Thanks, Thadius! I'm actually doing everything in one fell swoop. The hole in the floor with partial plumbing is from me removing the old plumbing. The vanity is moving so new plumbing needs installed there. I've rough plumbed new water and drain lines to the left of my existing toilet. I'm going to repair any stud damage (there was a lot of water damage in this room, from both a leaking roof and a poor plumbing job in the old tub) and then put in the new plumbing and electrical and get the walls and floors closed back up ASAP.

The wife is due with our first child in January, so I'm on a strict deadline!


----------



## oh'mike (Sep 18, 2009)

Good luck---I saw some notched floor joists in the first picture-You might want to remove the old 1x6 floor sheeting---fix any joists--then add new plywood.

That's an old place there--any idea what year the house was built?--Mike---


----------



## KevinACrider (Feb 21, 2008)

The notched joists is where the old plumbing was ran to the sink.

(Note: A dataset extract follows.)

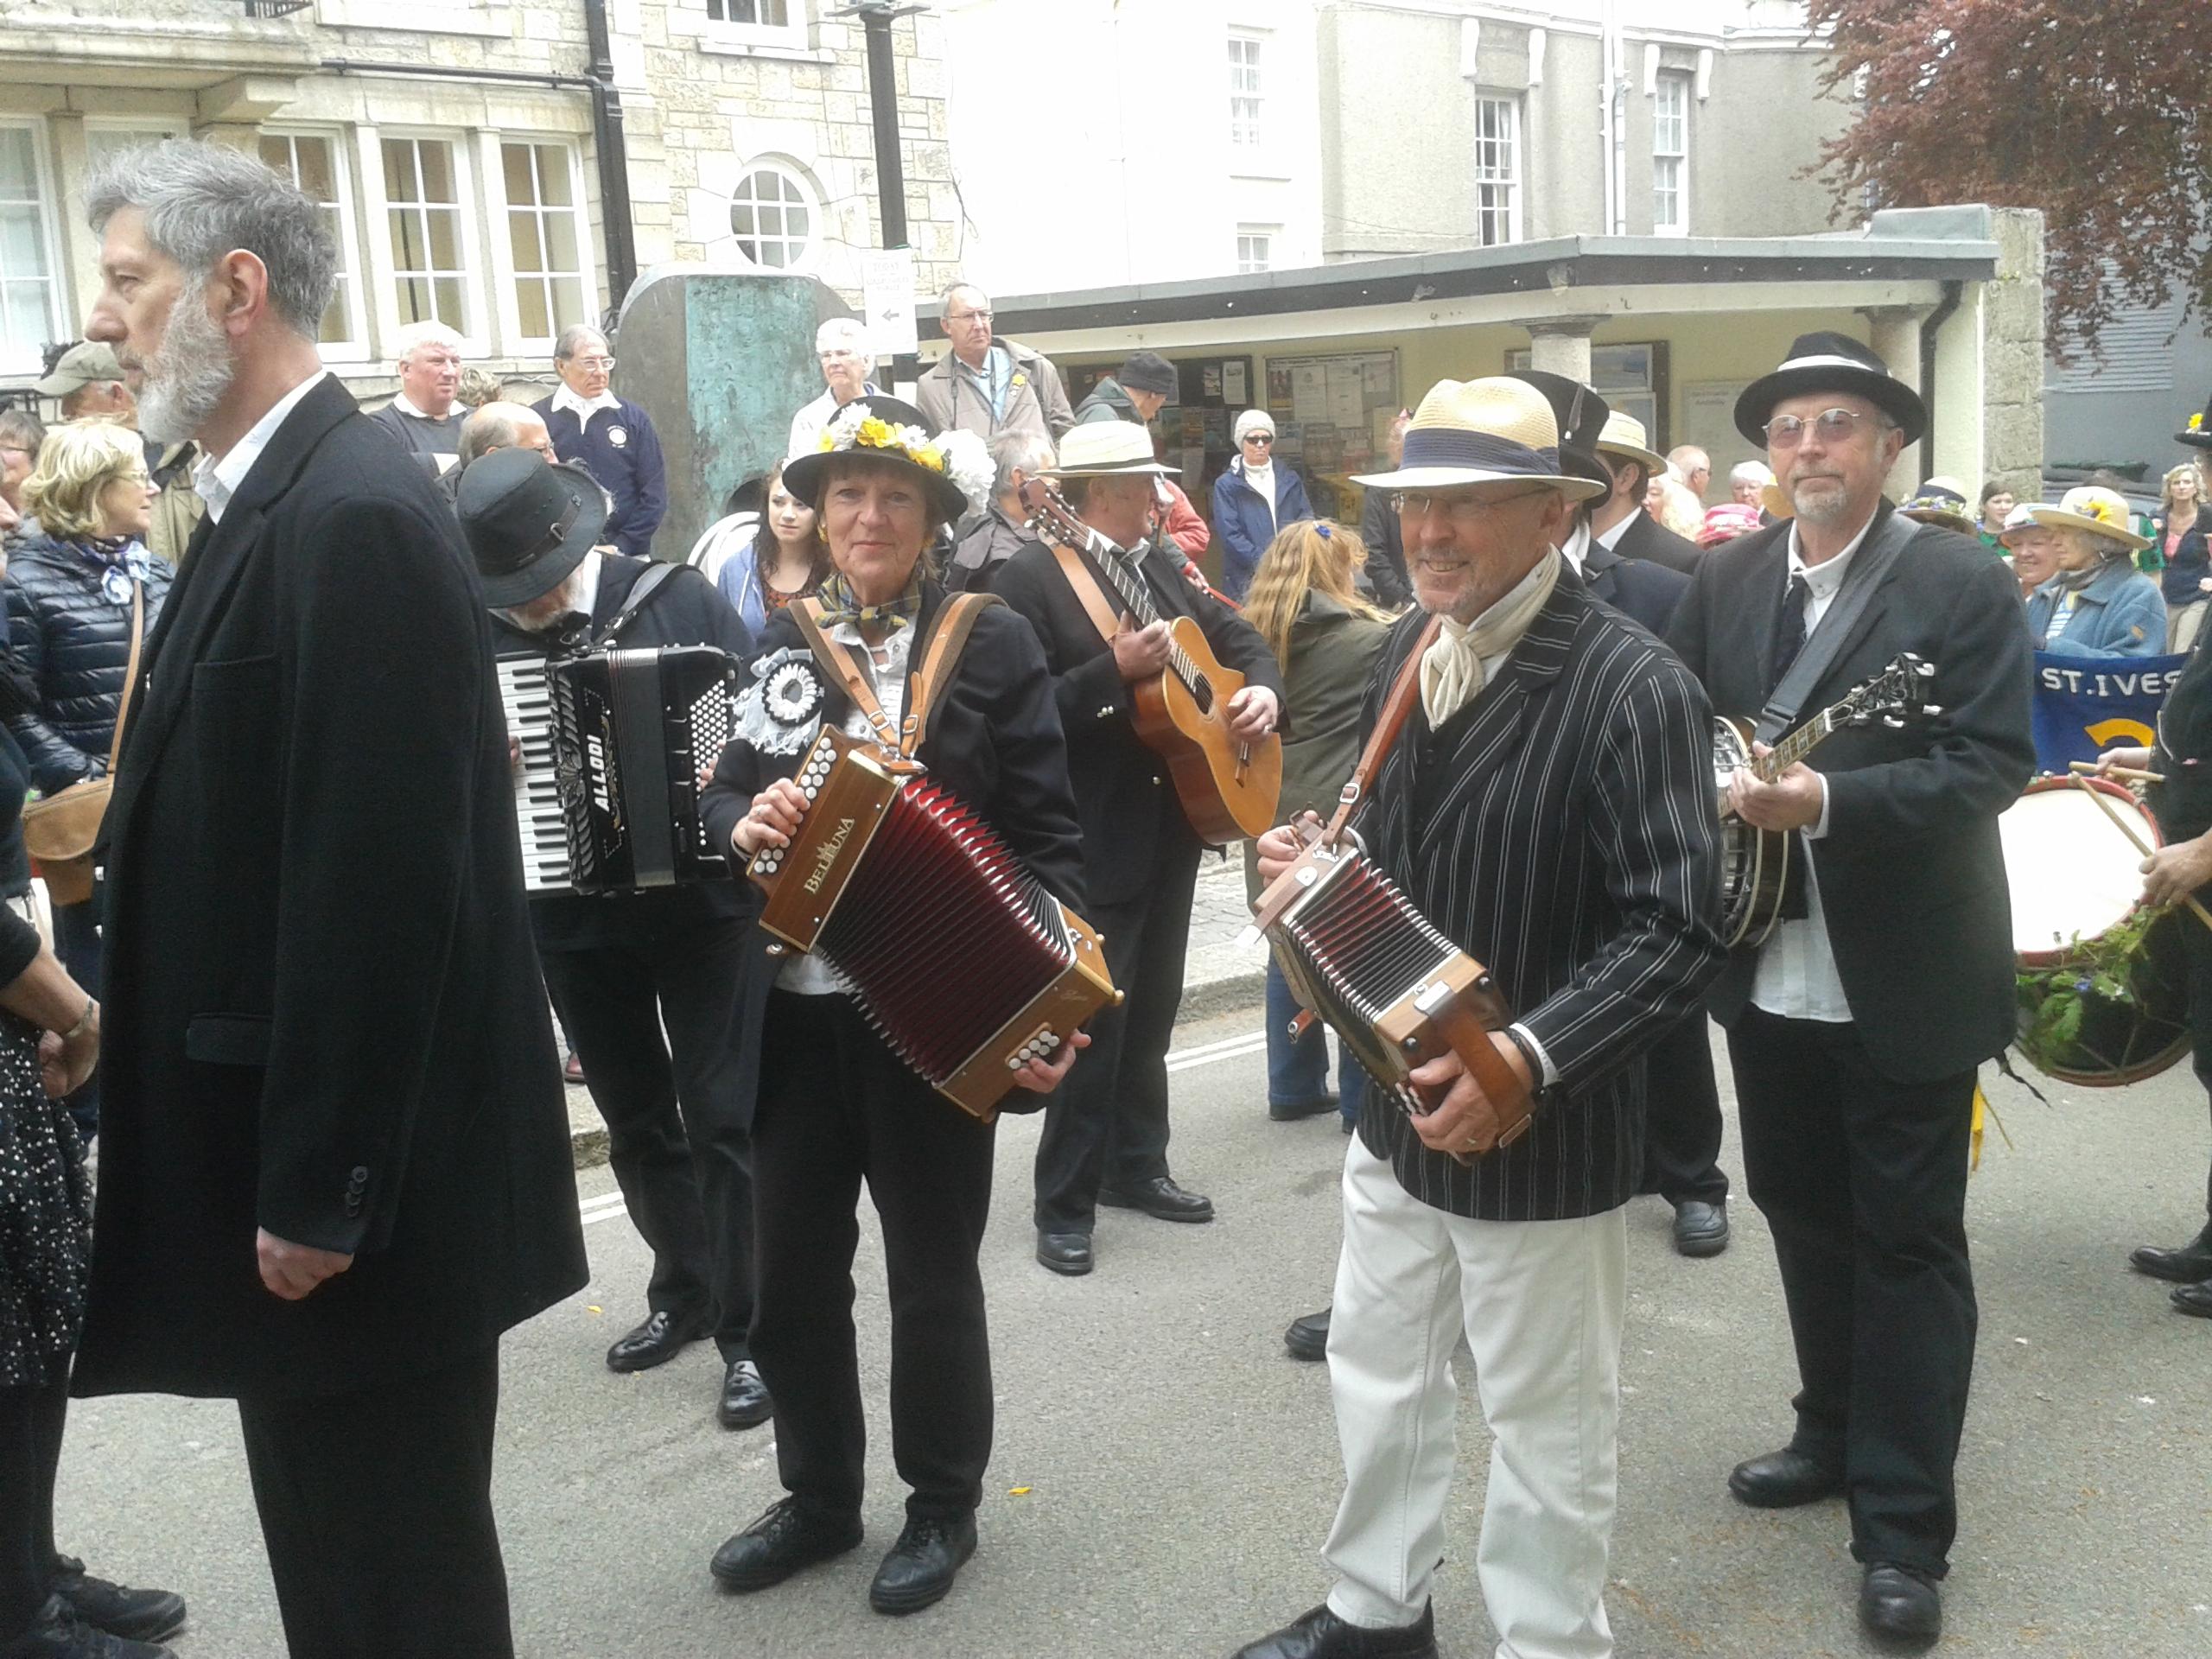 St Ives Feast Bagas Porthia Cornwall 365 Cornish Cultural Calendar

My original plan was to pull up all the T&G so I could sister new 2x6's in wherever they need to go but I was reading on another thread that leaving old T&G in a better solution. I would prefer to remove it and replace it with a 5/8" layer of plywood. I may use Ditra to cut down on how much added depth I get and then tile over that.

The house is old. The main portion of the house is over 100 years old, but that's currently the living room now. It's had 3 additions, but I am not sure when this particular bathroom was built.


----------



## oh'mike (Sep 18, 2009)

3/4" b/c plywood is about as thin as I feel safe using----I believe Ditra accepts 5/8 as a minimum thickness---But going with the minimum might bight you.

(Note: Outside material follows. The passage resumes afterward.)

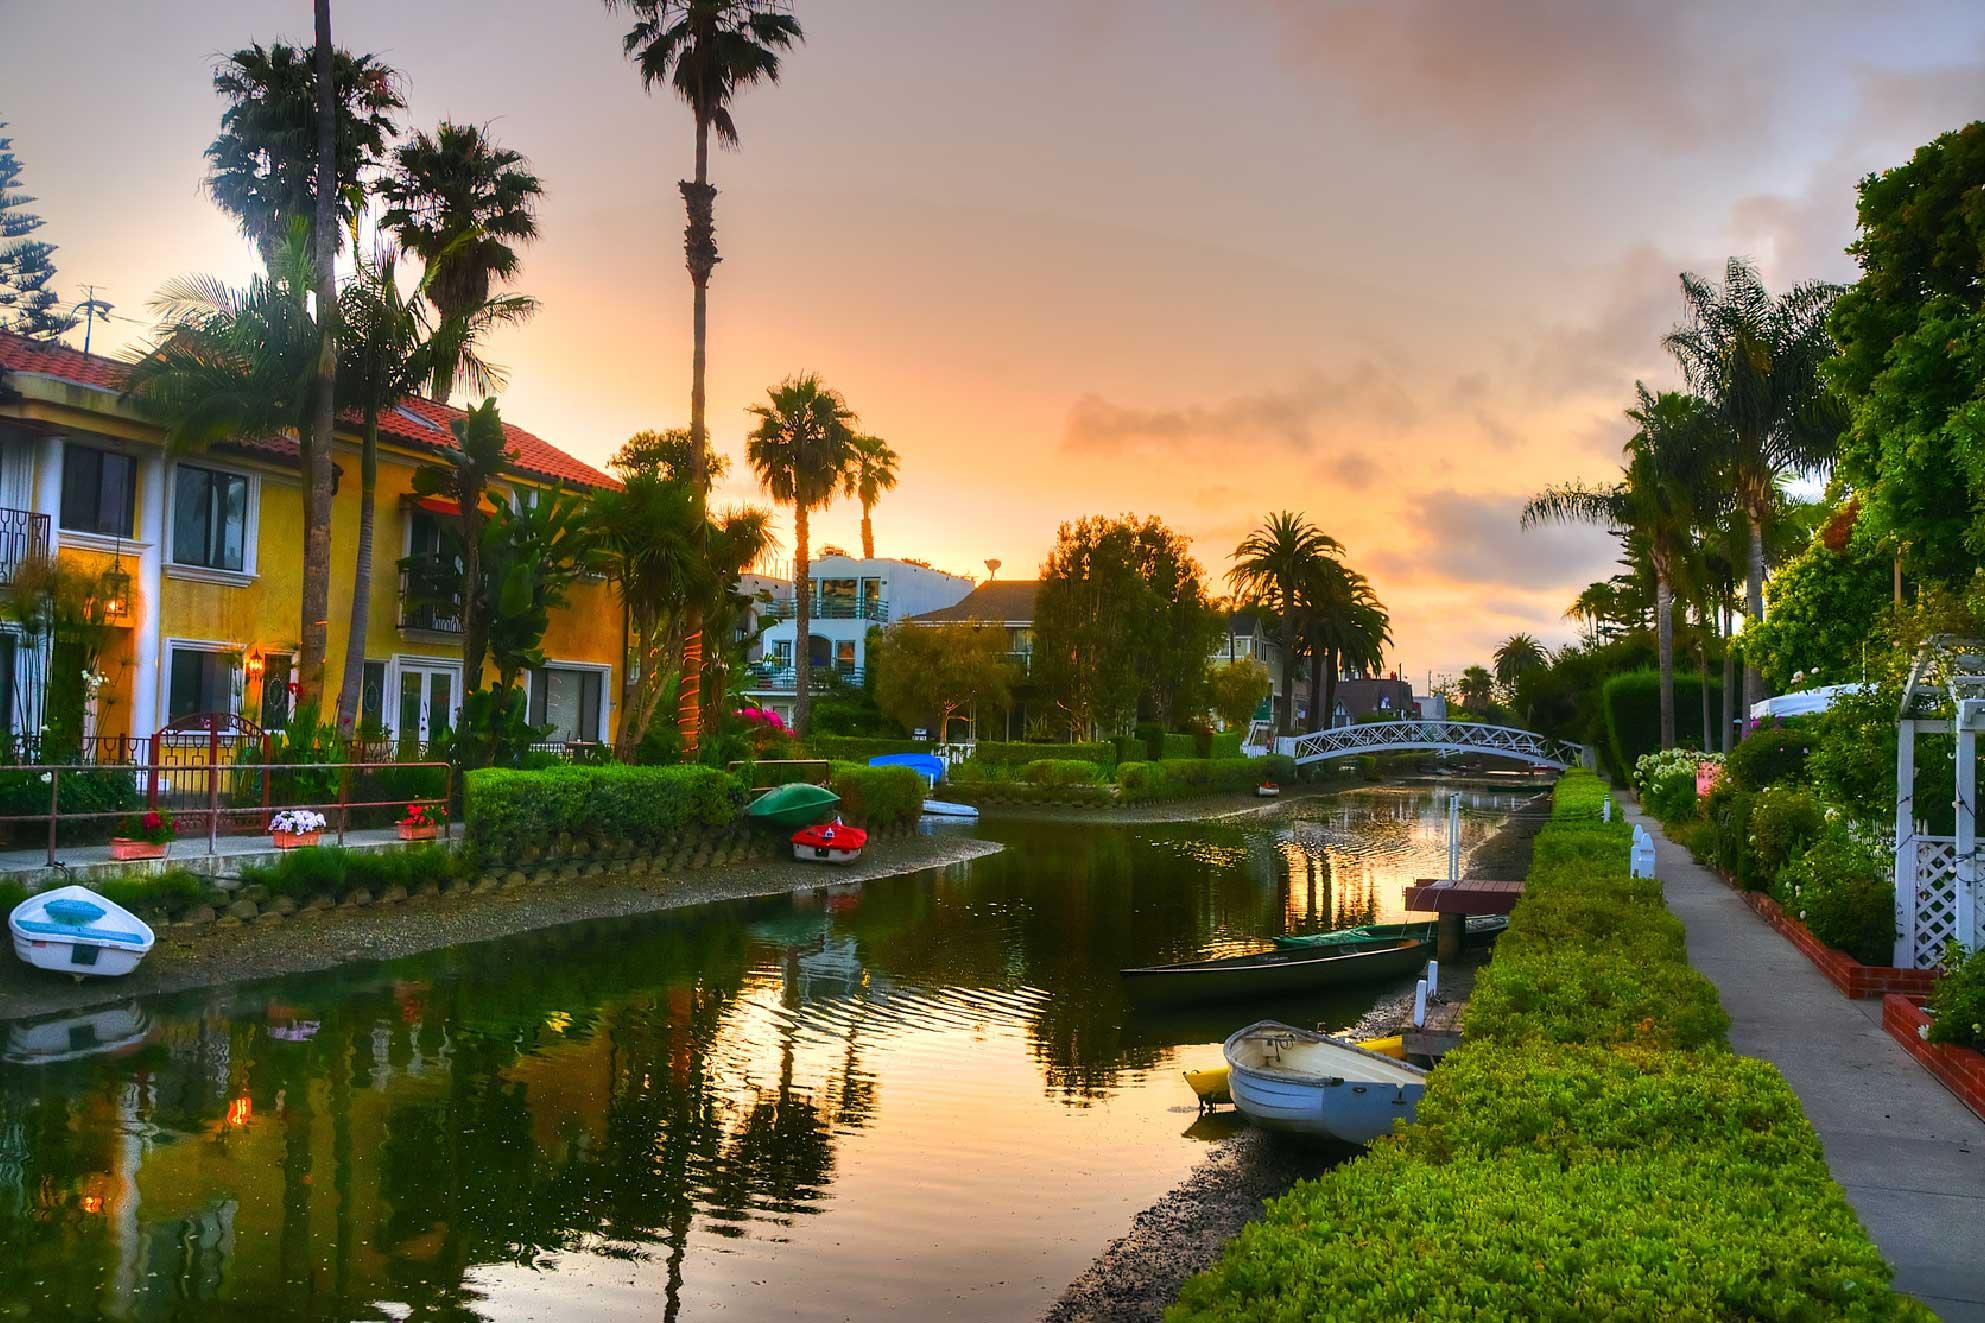 Video: Canals of Venice Beach – Venice Beach

It will be fine if you leave the old flooring in place---But those joists need fixing.


----------



## KevinACrider (Feb 21, 2008)

The joists will be repaired, trust me. There are several others in the wall and ceiling that need repaired also.

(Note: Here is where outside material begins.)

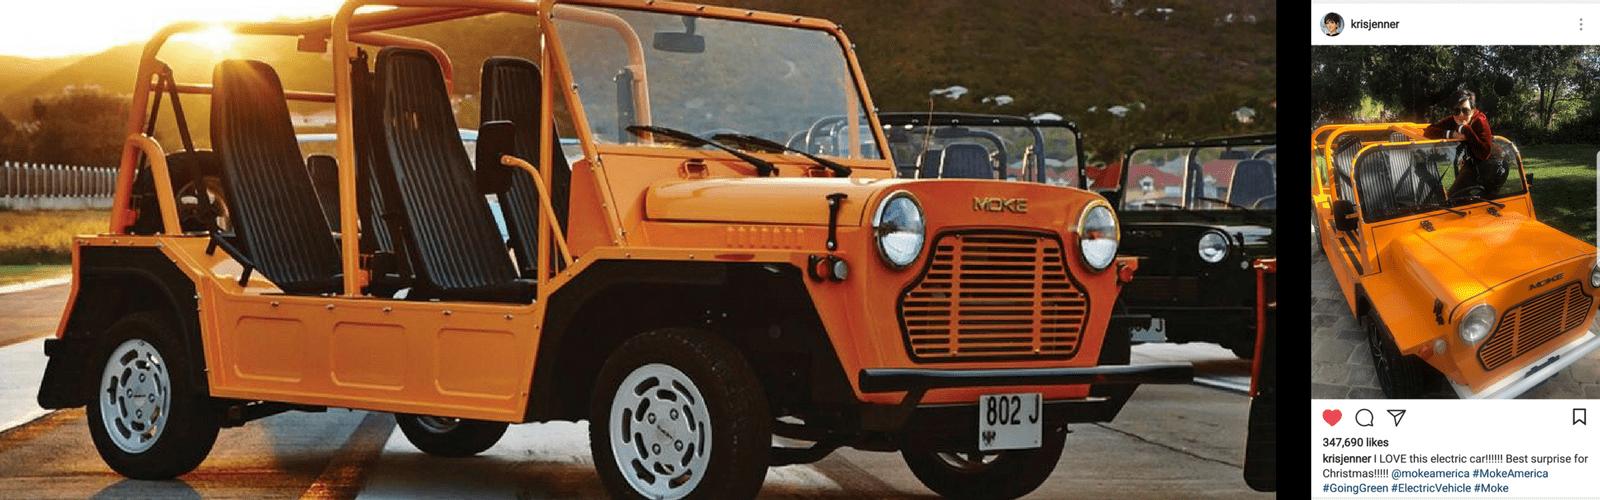 Kris Jenner Electric Jeep manufactured in Sarasota, Florida

I will go with the 3/4" plywood then, I just don't want to have a big different in my hallway floor to my bathroom floor as I will be putting tile on top of this. Although I can say that my hallway carpet is extremely thing, I don't even consider it carpet. It will be replaced with a much thicker carpet, so that could help offset any difference in floor transitions. But that's another project that will be completed after I replace the remaining hallway doors.


----------



## Thadius856 (Jun 2, 2011)

How thick are we talking?


----------



## KevinACrider (Feb 21, 2008)

Which item's thickness are you referring to?


----------



## Snav (Aug 20, 2009)

Can't wait to see more progress pics!

How'd you get the tub out? I've had to muscle one by myself - had to get creative and build a full wooden frame to strap around it - attached a series of wheels to the bottom. Somewhat like a large piano dolly.


----------



## Thadius856 (Jun 2, 2011)

The carpet. You said _really_ thick. Well, actually you said 'thing', but I assumed that to be 'thick'.


----------



## KevinACrider (Feb 21, 2008)

Ahhh, I actually meant thin. My existing carpet is super thin. I'll try to get more picture tonight after trick or treating. I got the new subfloor in, all the electrical ran and the drywalling started over the weekend. It's just really hard to get pictures in this small room.


----------